Jensen’s observations suggested a possible solution to Beatson’s riddle. Perhaps the marked variation of breast cancer cells in response to ovarian removal depended on whether the cancer cells expressed the estrogen receptor or not. ER-positive tumors, possessing the receptor, retained their “hunger” for estrogen. ER-negative tumors had rid themselves of both the receptor and the hormone dependence. ER-positive tumors thus responded to Beatson’s surgery, Jensen proposed, while ER-negative tumors were unresponsive.

The simplest way to prove this theory was to launch an experiment—to perform Beatson’s surgery on women with ER-positive and ER-negative tumors and determine whether the receptor status of the cancer cells was predictive of the response. But the surgical procedure had fallen out of fashion. (
Ovarian removal produced many other severe side effects
, such as osteoporosis.) An alternative was to use a
pharmacological
means to inhibit estrogen function, a female version of chemical castration à la Huggins.

But Jensen had no such drug. Testosterone did not work, and no synthetic “antiestrogen” was in development. In their dogged pursuit of cures for menopause and for new contraceptive agents (using synthetic estrogens), pharmaceutical companies had long abandoned the development of an antiestrogen, and there was no interest in developing an antiestrogen for cancer. In an era gripped by the hypnotic promise of cytotoxic chemotherapy, as Jensen put it, “
there was little enthusiasm
about developing endocrine [hormonal] therapies to treat cancer. Combination chemotherapy was [thought to be] more likely to be successful in curing not only breast cancer but other solid tumors.” Developing an antiestrogen, an antagonist to the fabled elixir of female youth, was widely considered a waste of effort, money, and time.

Scarcely anyone paid notice, then, on September 13, 1962, when a team of talented British chemists from Imperial Chemical Industries (ICI) filed a patent for the chemical named ICI 46474, or tamoxifen.
Originally invented as a birth control pill
, tamoxifen had been synthesized by a team led by the hormone biologist
Arthur Walpole
and a synthetic chemist, Dora Richardson, both members of the “fertility control program” at the ICI. But even though structurally designed to be a potent stimulator of estrogen—its winged, birdlike skeleton designed to perch perfectly into the open arms of the estrogen receptor—
tamoxifen had turned out to have exactly the opposite effect
: rather than turning on the estrogen signal, a requirement for a contraceptive drug, it had, surprisingly, shut it off in many tissues. It was an estrogen
antagonist
—thus considered a virtually useless drug.

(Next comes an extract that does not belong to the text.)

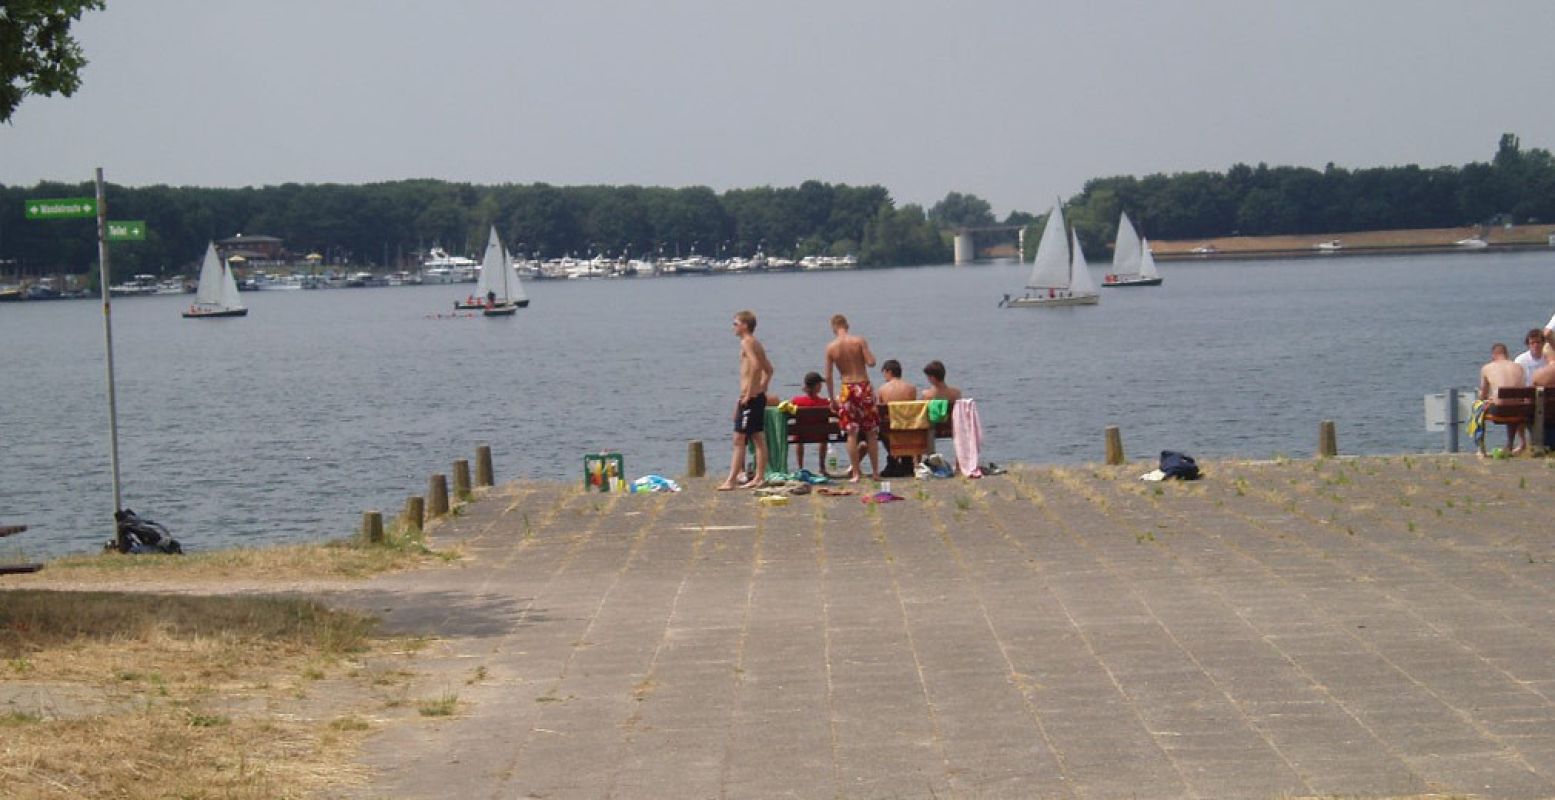 De Mookerplas heeft een open verbinding met de Maas, waardoor dit een ideale locatie is voor watersporters. Foto: Leisurelands.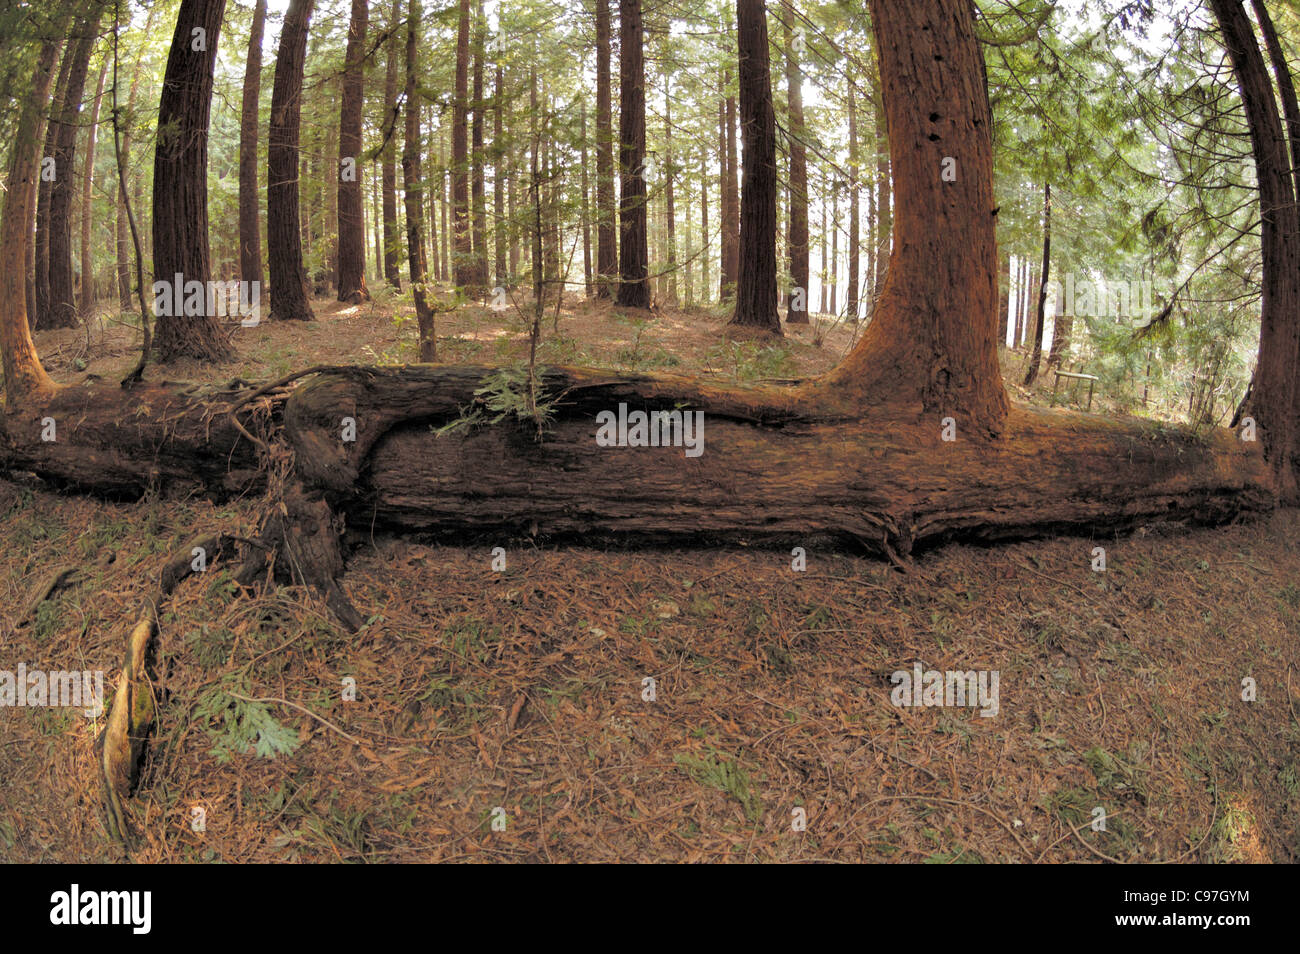 Fallen Coastal Redwood tree regrowing, sequoia sempervirens Stock Photo

Yet the connection between fertility drugs and cancer preoccupied Walpole. He knew of Huggins’s experiments with surgical castration for prostate cancer. He knew of Beatson’s riddle—almost solved by Jensen. The antiestrogenic properties of his new drug raised an intriguing possibility. ICI 46474 may be a useless contraceptive, but perhaps, he reasoned, it might be useful against estrogen-sensitive breast cancer.